Integrating OpenAI's LLM with Twilio Using Vercel AI SDK

In this guide, we'll walk through the process of integrating OpenAI's language models with Twilio's Conversation Relay using the Vercel AI SDK. This integration allows you to create a virtual voice assistant that can handle user queries and provide information via a phone call.

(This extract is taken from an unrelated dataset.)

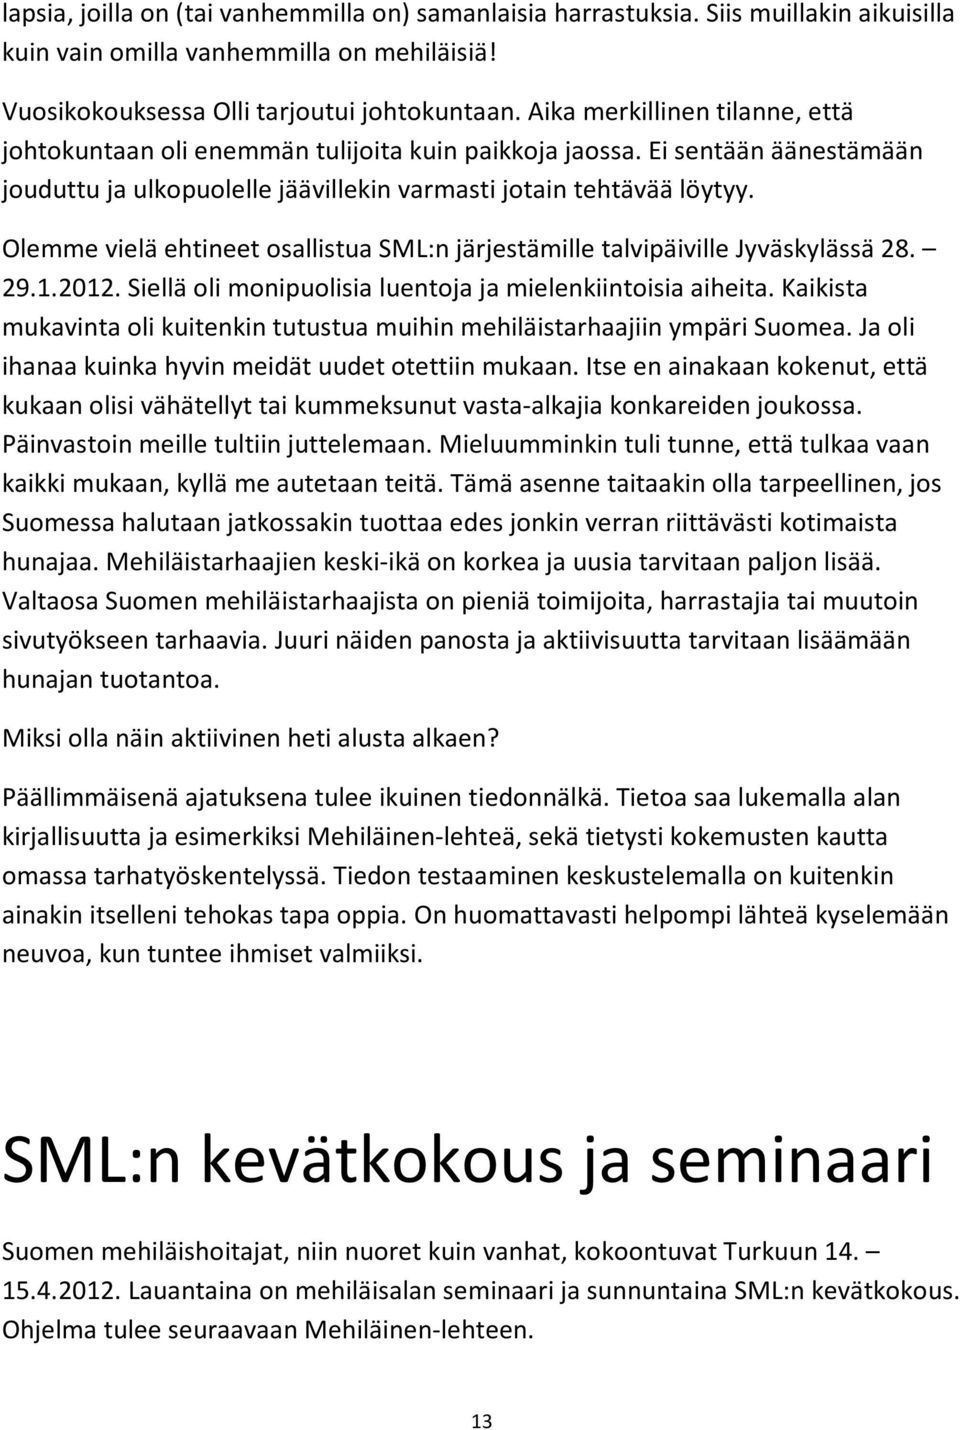 Olemme vielä ehtineet osallistua SML:n järjestämille talvipäiville Jyväskylässä 28. 29.1.2012. Siellä oli monipuolisia luentoja ja mielenkiintoisia aiheita.

We'll cover setting up the project, configuring Redis, and running the project. Additionally, we'll explain how the bufferTransform function helps in sending larger chunks of data to Twilio, avoiding the inefficiency of sending one token at a time.

Prerequisites

Node.js and npm installed on your machine.
A Twilio account.
An OpenAI API key.
A Redis instance for managing conversation state.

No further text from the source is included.